Test the Chrome extension.
...

Puppeter API hierarchy

The API hierarchy in puppeter is basically consistent with that of browser. The following describes several commonly used classes:

Browser: corresponding to a browser instance, a browser can contain multiple browsercontexts
BrowserContext: a context session corresponding to the browser. Just like a browser in stealth mode after opening an ordinary Chrome, BrowserContext has an independent session (cookies and cache s are not shared independently). A BrowserContext can contain multiple pages
Page: represents a Tab page through BrowserContext newPage()/browser.newPage(), browser Newpage() will use the default BrowserContext when creating a page. A page can contain multiple frames
Frame: a frame. Each page has a main frame (page. Main frame ()), or multiple sub frames, which are mainly created by iframe tags
ExecutionContext: it is the execution environment of javascript. Each Frame has a default javascript execution environment
ElementHandle: an element node corresponding to DOM. Through this instance, we can click on the element and fill in the form. We can get the corresponding element through selector, xPath, etc
JsHandle: corresponds to the javascript object in the dom. ElementHandle inherits from JsHandle. Since we cannot directly operate the object in the DOM, it is encapsulated into JsHandle to realize relevant functions
CDPSession: it can communicate directly with the native CDP through session The send function sends a message directly through session On receives messages, which can realize functions not involved in the puppeter API
Coverage: get JavaScript and CSS code coverage
Tracing: grab performance data for analysis
Response: the response received by the page
Request: the request sent by the page

Puppeter installation and environment

Note: in V1 Before 18.1, the puppeter needs at least node V6 4.0. From V1 18.1 to v2 Version 1.0 depends on Node 8.9.0 +. From v3 From 0.0, the puppeter starts to rely on Node 10.18.1 +. To use async / await , only node v7 6.0 or later.

The puppeter is a node JS package, so the installation is simple:

npm install puppeteer
// perhaps
yarn add puppeteer

npm may report an error when installing the puppeter! This is caused by the Internet. You can visit foreign websites or install cnpm using Taobao image.
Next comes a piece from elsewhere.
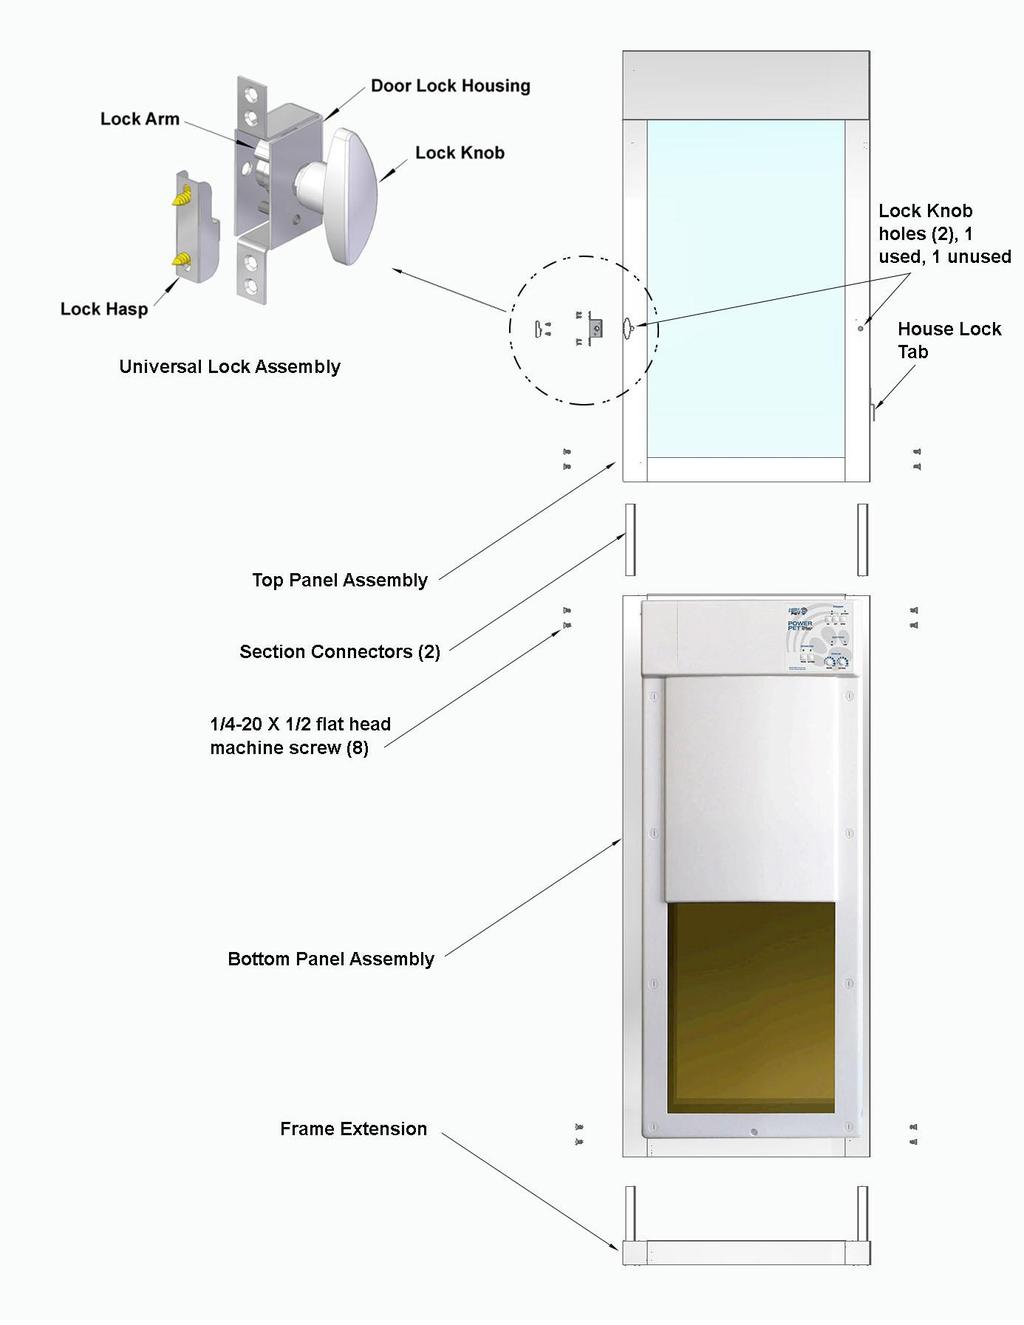 Basic Door Assembly May be placed on left or right

When you install puppeter, it will download the latest version of Chromium. Starting from version 1.7.0, the official release of the puppeteer-core Software package. By default, no browser will be downloaded. It is used to start an existing browser or connect to a remote browser. Note that the installed version of puppeter core is compatible with the browser you intend to connect to.

Use of puppeter

Case1: screenshot

Using puppeter, we can take a screenshot of a page or an element in the page:

const puppeteer = require('puppeteer');

(async () => {
  const browser = await puppeteer.launch();
  const page = await browser.newPage();
  //Set the size of the visual area. The default page size is 800x600 resolution
  await page.setViewport({width: 1920, height: 800});
  await page.goto('https://www.baidu.com/');
  //Screenshot of the whole page
  await page.screenshot({
      path: './files/baidu_home.png',  //Picture saving path
      type: 'png',
      fullPage: true //Screenshot while scrolling
      // clip: {x: 0, y: 0, width: 1920, height: 800}
  });
  //Screenshot of an element of the page
  let element = await page.$('#s_lg_img');
  await element.screenshot({
      path: './files/baidu_logo.png'
  });
  await page.close();
  await browser.close();
})();

How do we get an element in the page?

page.$('#uniqueId'): get the first element corresponding to a selector
page.$$('div '): get all elements corresponding to a selector
page.$x('//img'): get all elements corresponding to an xPath
page.waitForXPath('//img'): wait for an element corresponding to an xPath to appear
page.waitForSelector('#uniqueId'): wait for the element corresponding to a selector to appear

Case2: simulate user operation

const puppeteer = require('puppeteer');

(async () => {
    const browser = await puppeteer.launch({
        slowMo: 100,    //Slow down
        headless: false, //Turn on Visualization
        defaultViewport: {width: 1440, height: 780},
        ignoreHTTPSErrors: false, //Ignore https error
        args: ['--start-fullscreen'] //Open page in full screen
    });
    const page = await browser.newPage();
    await page.goto('https://www.baidu.com/');
    //Enter text
    const inputElement = await page.$('#kw');
    await inputElement.type('hello word', {delay: 20});
    //Click the search button
    let okButtonElement = await page.$('#su');
    //Wait until the page Jump is completed. Generally, when you click a button to jump, you need to wait for page The jump is successful only when waitfornavigation() is completed
    await Promise.all([
        okButtonElement.click(),
        page.waitForNavigation()  
    ]);
    await page.close();
    await browser.close();
})();

So what functions are provided by ElementHandle to operate elements?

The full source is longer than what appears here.